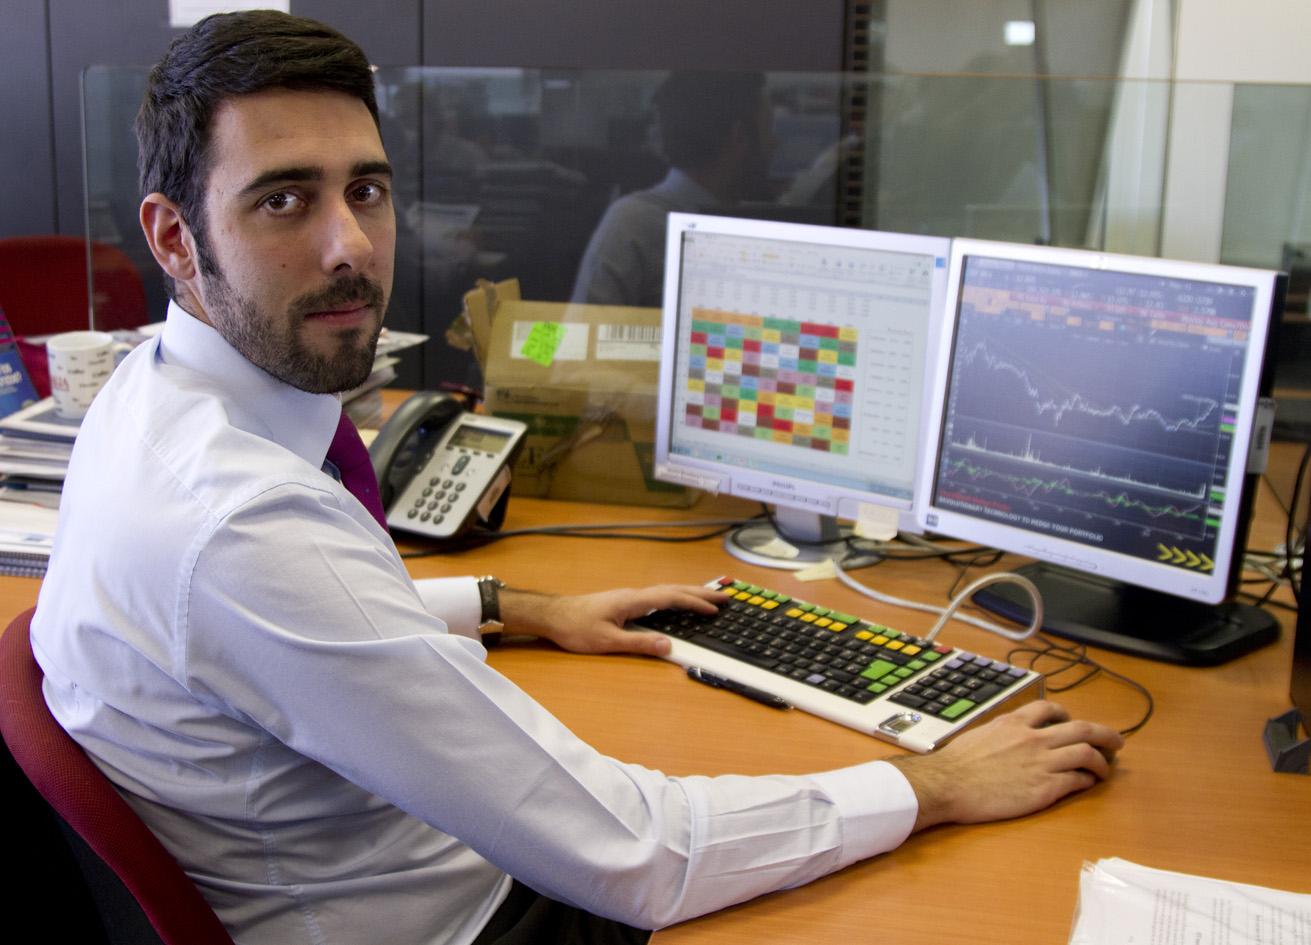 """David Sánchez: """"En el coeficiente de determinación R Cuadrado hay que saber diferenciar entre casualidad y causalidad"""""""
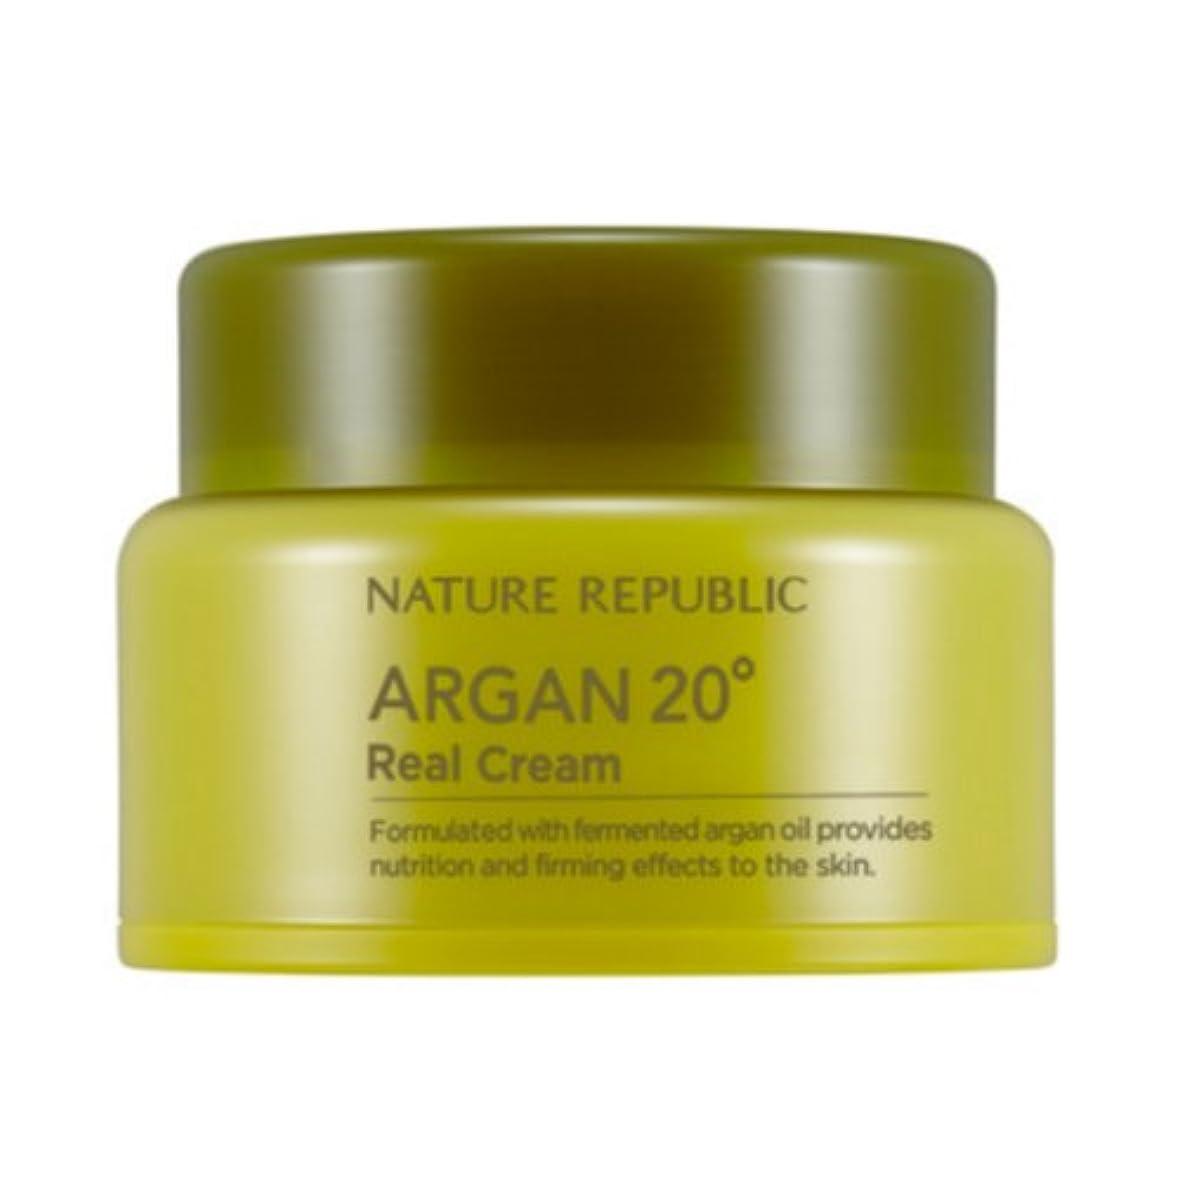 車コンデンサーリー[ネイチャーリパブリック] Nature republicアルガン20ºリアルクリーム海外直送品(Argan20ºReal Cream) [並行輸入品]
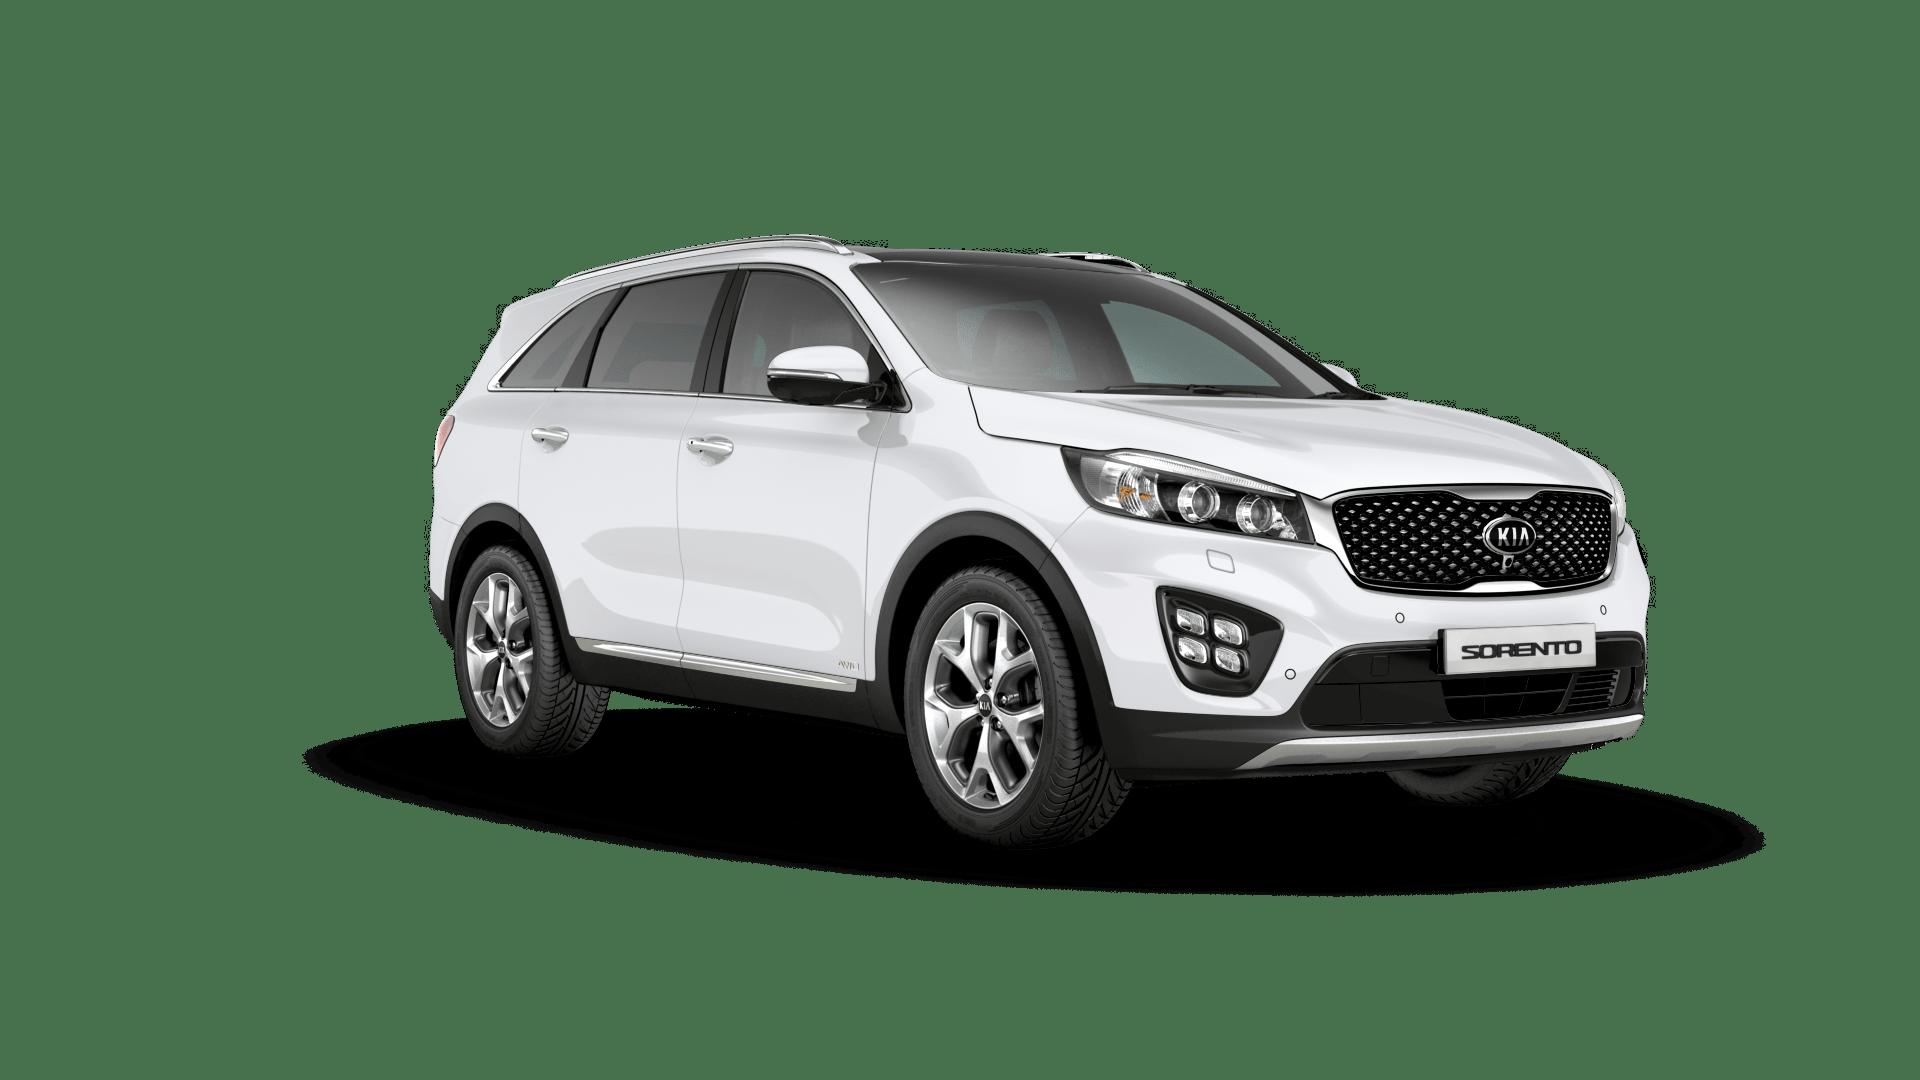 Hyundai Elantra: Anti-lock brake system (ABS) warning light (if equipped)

------------------------------------------------------------------------

#### Instructions to follow
Without changing a single word, set down all of the material again and leave out its pictures.

#### Expected output
 """David Sánchez: """"En el coeficiente de determinación R Cuadrado hay que saber diferenciar entre casualidad y causalidad"""""""
 車コンデンサーリー[ネイチャーリパブリック] Nature republicアルガン20ºリアルクリーム海外直送品(Argan20ºReal Cream) [並行輸入品]
 Hyundai Elantra: Anti-lock brake system (ABS) warning light (if equipped)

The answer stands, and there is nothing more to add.